Analysis of lead effects on in vivo antibody-mediated immunity in several mouse strains.

作者信息

Mudzinski S P, Rudofsky U H, Mitchell D G, Lawrence D A

出版信息

Toxicol Appl Pharmacol. 1986 Apr;83(2):321-30. doi: 10.1016/0041-008x(86)90309-1.
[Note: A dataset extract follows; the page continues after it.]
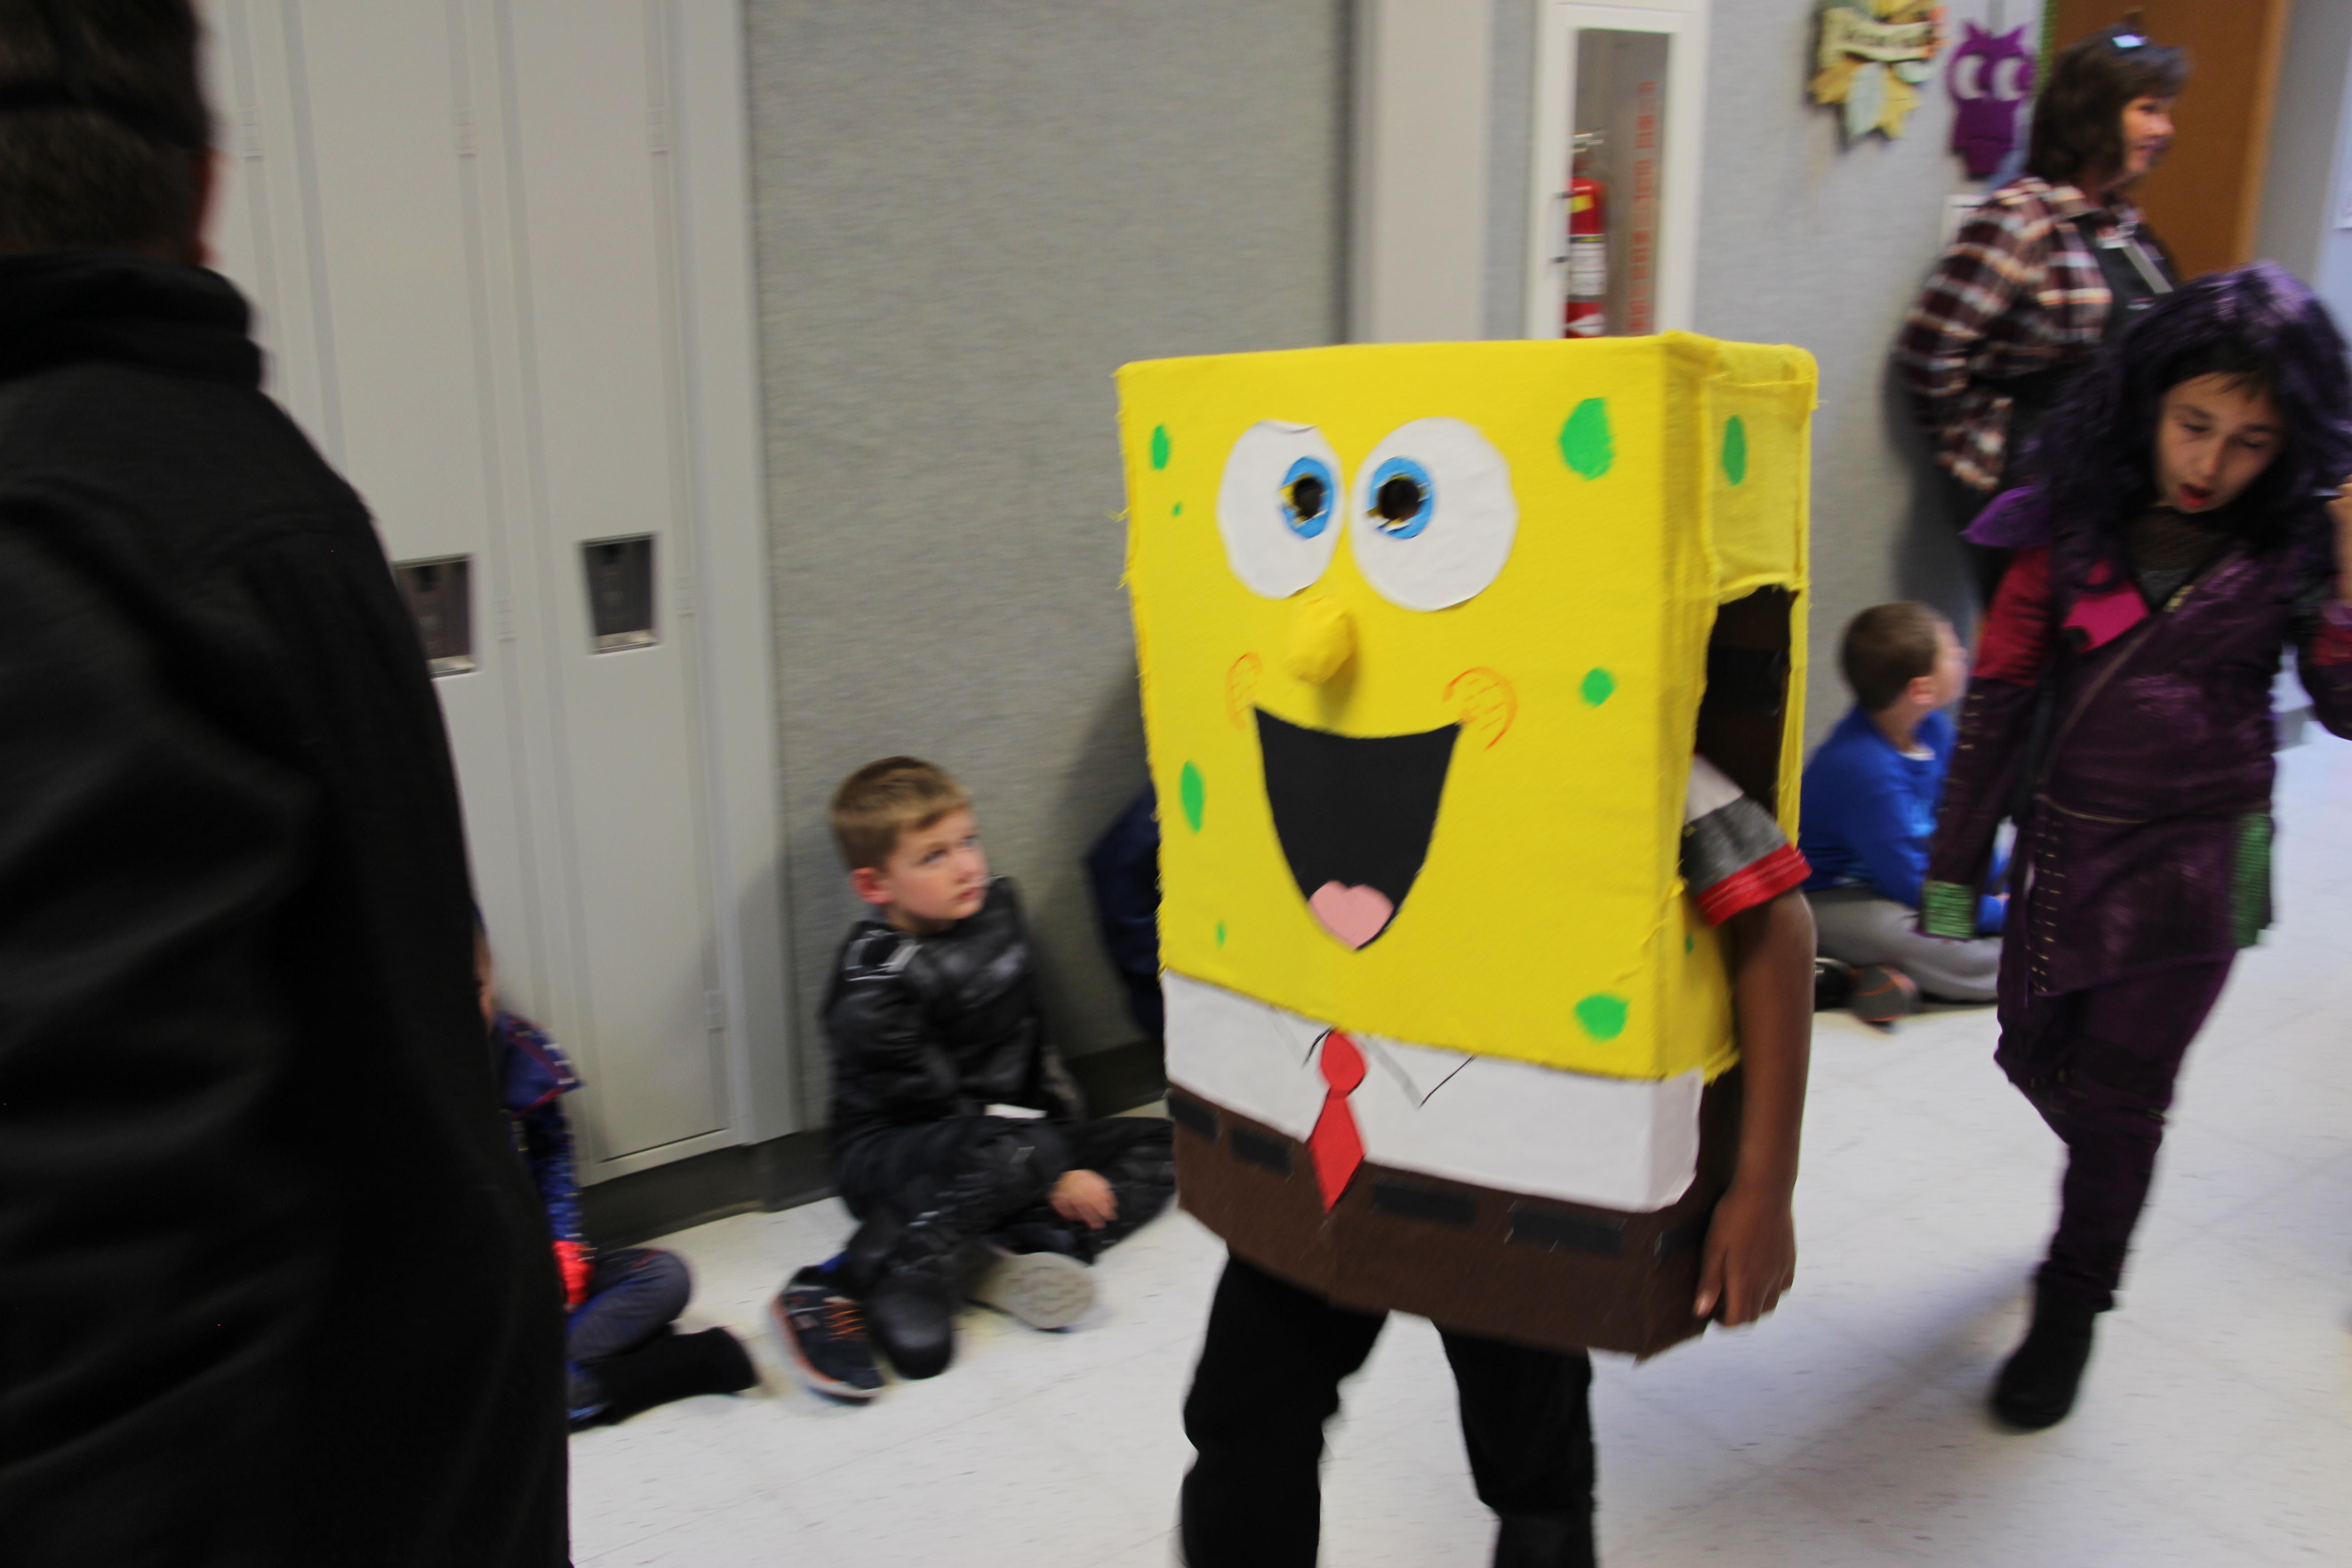 A student wears a Spongebob costume.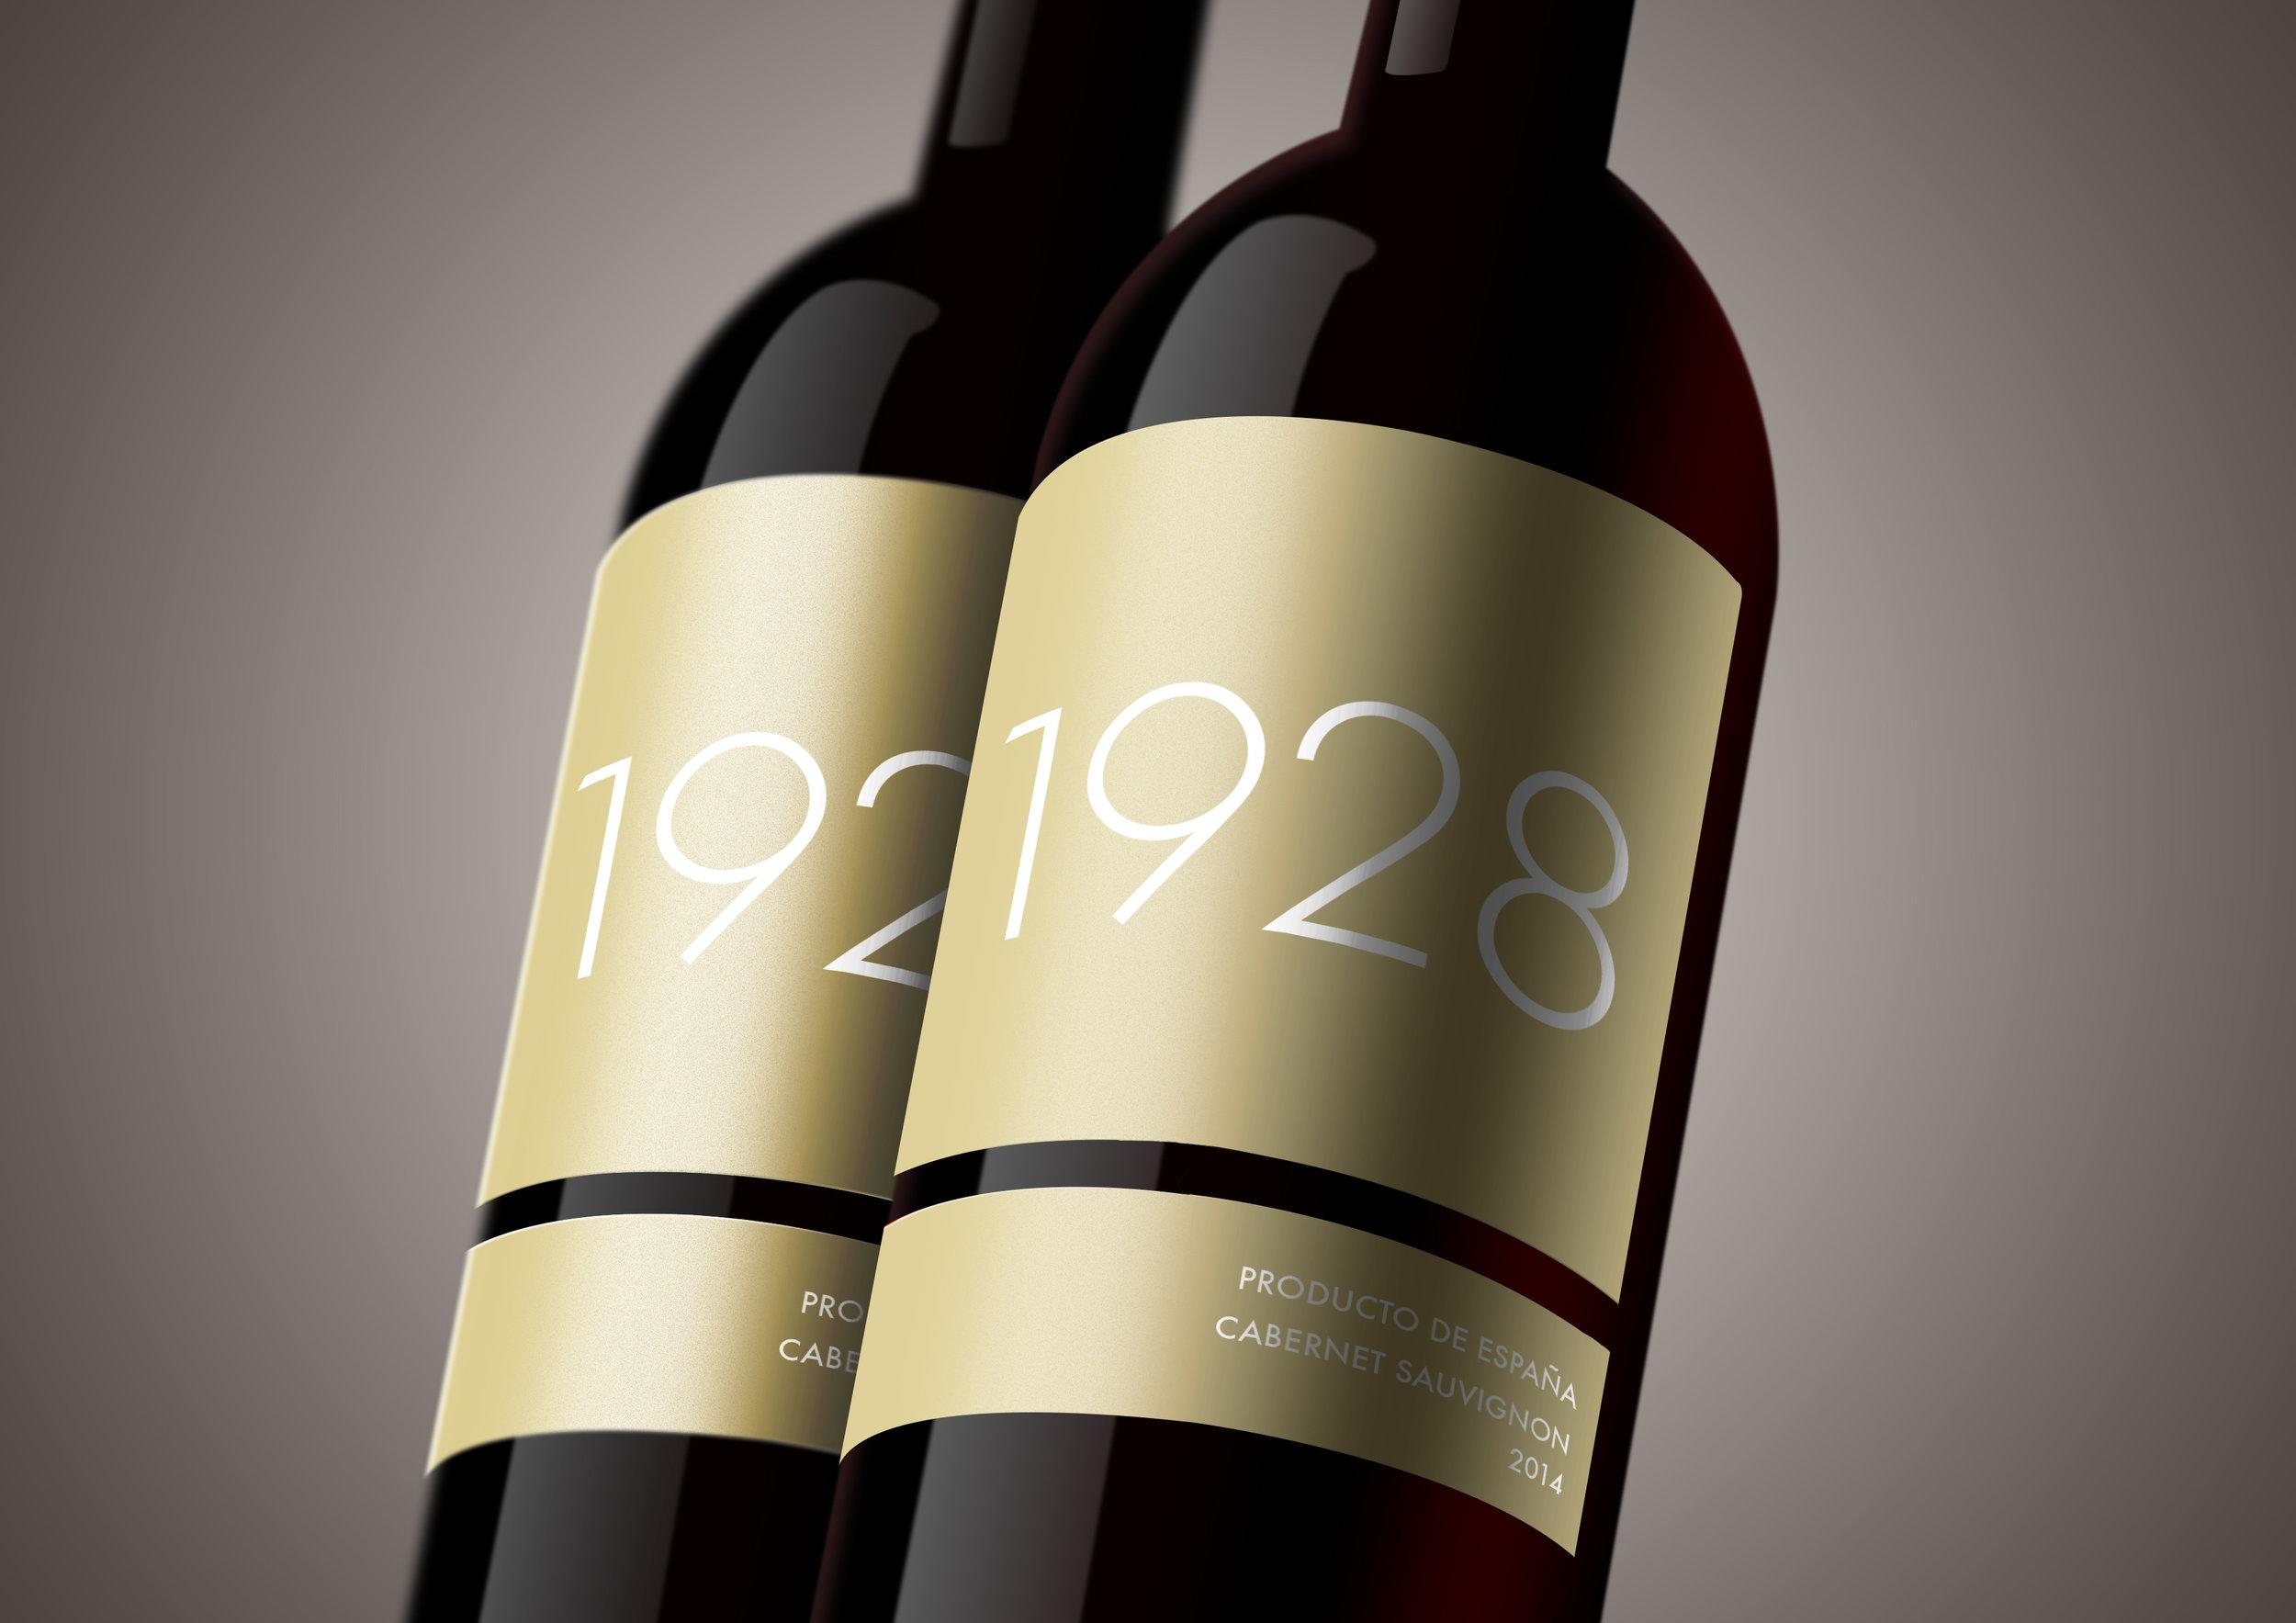 1928 Label 2 bottle shot.jpg

DOI:10.1016/0041-008x(86)90309-1
PMID:3515633
Abstract

The effect of administration of lead acetate (10 mM in the drinking water) for 8 weeks on the in vivo sheep red blood cell (SRBC) specific plaque-forming cell (PFC) responses of inbred A, BALB/c, C57Bl/6, DBA/1, SJL, and NZW/NZB F1 mice and outbred CFW mice was examined to determine if lead was immunomodulatory in a genetically related manner. Lead did not suppress the SRBC-specific PFC/10(6) splenocytes or PFC/spleen response in any mouse strain when compared to the responses of strain-matched control mice. In addition, 10 mM lead-treated BALB/c mice manifested augmented PFC/10(6) splenocytes (17%; p less than .05) but unchanged PFC/spleen responses. Correspondingly, serum concentrations of SRBC-specific antibody (measured by radioimmunoassay) and serum immunoglobulin G, M, or A isotypes were also unchanged by lead acetate treatment in all tested mouse strains. There were no observable lead-related histopathological changes or deposition of immune complexes or antibasement membrane antibody in the kidneys of treated mice. Further, splenocytes from lead-treated, SRBC-immunized mice cultured with T-independent antigens (TNP-LPS, TNP-Ficoll) or with a T-dependent antigen (SRBC) exhibited direct and indirect specific PFC responses that were unchanged from those of control mice. The H-2K/D haplotypes of the outbred CFW mice were determined by microcytotoxicity to include r, q, u, and s. These results suggest that lead acetate (10 mM) administered po for 8 weeks does not suppress the primary direct humoral immune response to SRBC in inbred and outbred mice of several H-2 haplotypes (k/d; d; b; q; d,z; s; r; and u).

摘要

研究了给予醋酸铅(饮用水中浓度为10 mM)8周对近交系A、BALB/c、C57Bl/6、DBA/1、SJL和NZW/NZB F1小鼠以及远交系CFW小鼠体内绵羊红细胞(SRBC)特异性空斑形成细胞(PFC)反应的影响,以确定铅是否以基因相关的方式具有免疫调节作用。与品系匹配的对照小鼠的反应相比,铅在任何小鼠品系中均未抑制SRBC特异性PFC/10⁶脾细胞或PFC/脾脏反应。此外,经10 mM铅处理的BALB/c小鼠表现出PFC/10⁶脾细胞增加(17%;p小于0.05),但PFC/脾脏反应未改变。相应地,在所有测试的小鼠品系中,醋酸铅处理也未改变SRBC特异性抗体(通过放射免疫测定)的血清浓度以及血清免疫球蛋白G、M或A同种型。在处理过的小鼠肾脏中未观察到与铅相关的组织病理学变化、免疫复合物沉积或抗基底膜抗体。此外,用非T依赖性抗原(TNP-LPS、TNP-Ficoll)或T依赖性抗原(SRBC)培养的经铅处理、SRBC免疫的小鼠的脾细胞表现出的直接和间接特异性PFC反应与对照小鼠的反应无变化。通过微量细胞毒性法确定远交系CFW小鼠的H-2K/D单倍型包括r、q、u和s。这些结果表明,经口给予醋酸铅(10 mM)8周不会抑制几种H-2单倍型(k/d;d;b;q;d,z;s;r;和u)的近交和远交小鼠对SRBC的初次直接体液免疫反应。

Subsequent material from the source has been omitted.